Markets were also eyeing developments in India, the world's No.2 gold consumer after China, where the new government is expected to cut a record high import duty on the precious metal at the fiscal budget to be presented later in the day.
Spot gold rose 0.3 percent to $1,329.45 an ounce by 0332 GMT, after gaining 0.5 percent in the previous session, aided by the dollar that hit a one-week low against a basket of major currencies.
A weaker dollar makes commodities priced in the greenback attractive for holders of other currencies.
Gold had come under pressure after last week's strong U.S. jobs report that stoked speculation of an early hike in rates, but the Federal Reserve gave no such indications, according to the minutes from the June meeting.
Higher rates would encourage investors to withdraw money from non-interest-bearing assets such as gold.
"If gold can break resistance at $1,335, then it can go all the way to $1,380," said a precious metals trader. "The weaker dollar after the Fed minutes is helping."
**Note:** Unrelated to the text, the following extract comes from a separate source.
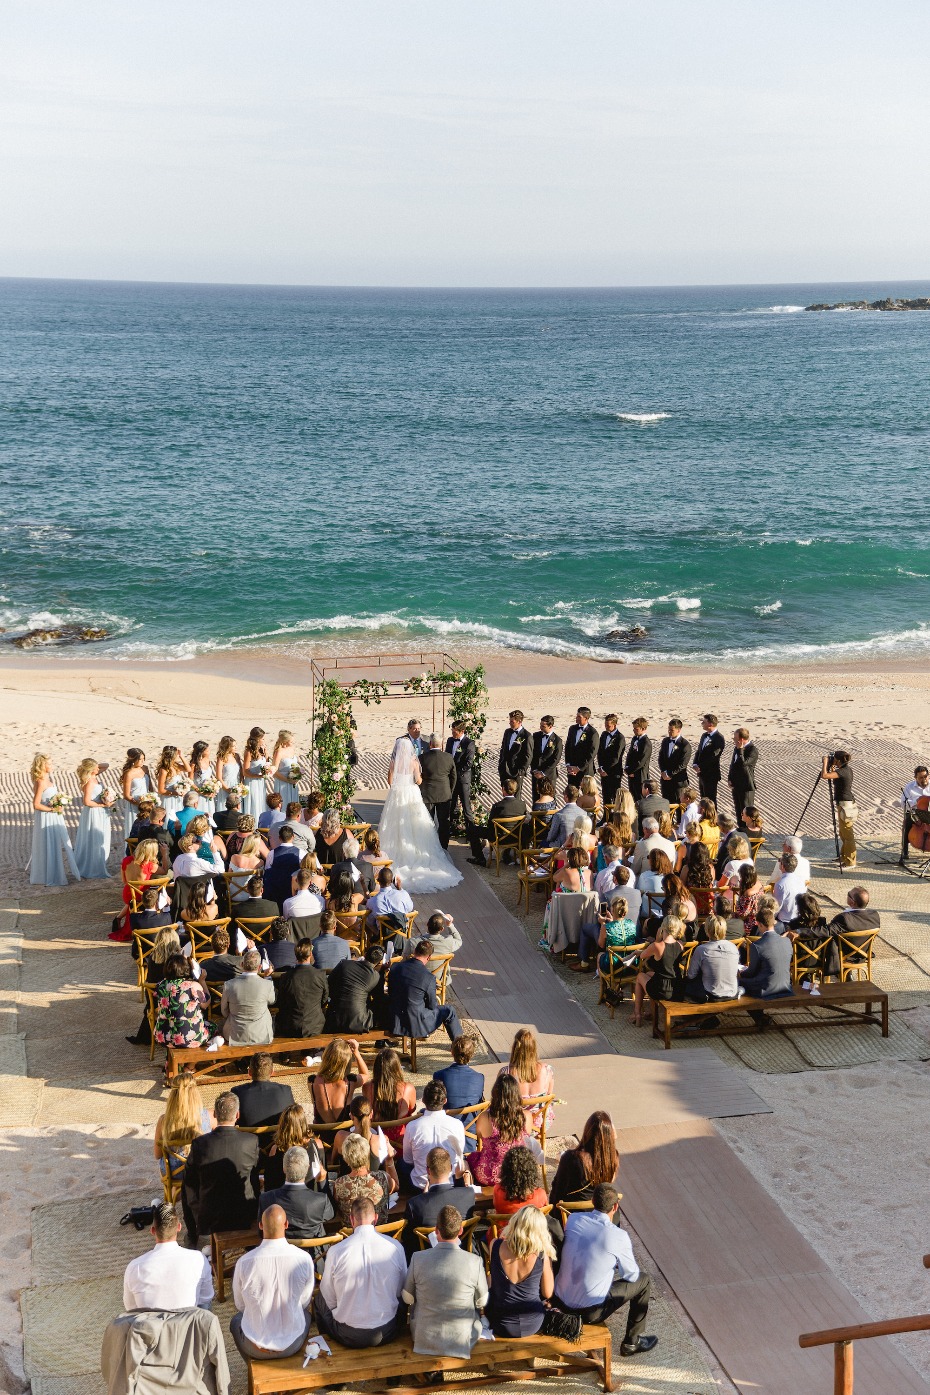 Gorgeous ocean front wedding in Mexico

"People are watching India today to see if there will be any cut in import duty, though a reduction is already priced in." India last year took steps to curb gold purchases and imposed a record 10 percent duty on imports in an effort to reduce its high current account deficit.
The new government led by Narendra Modi had indicated earlier that they would ease the restrictions, with expectations mounting that an announcement could come on Thursday when the government presents its first fiscal budget.
India is likely to cut its gold import duty to 6 percent in Thursday's budget, leading to a rise in imports in the second half, a senior official at the country's biggest gold trade group said.
Indian gold imports slid by a fifth last year, so any jump in imports from the country would likely underpin gold prices.
Among other precious metals, platinum and palladium continued to gain amid fears over supply issues from major producer South Africa.
Palladium rose for a 14th straight session to trade near its highest since February 2001.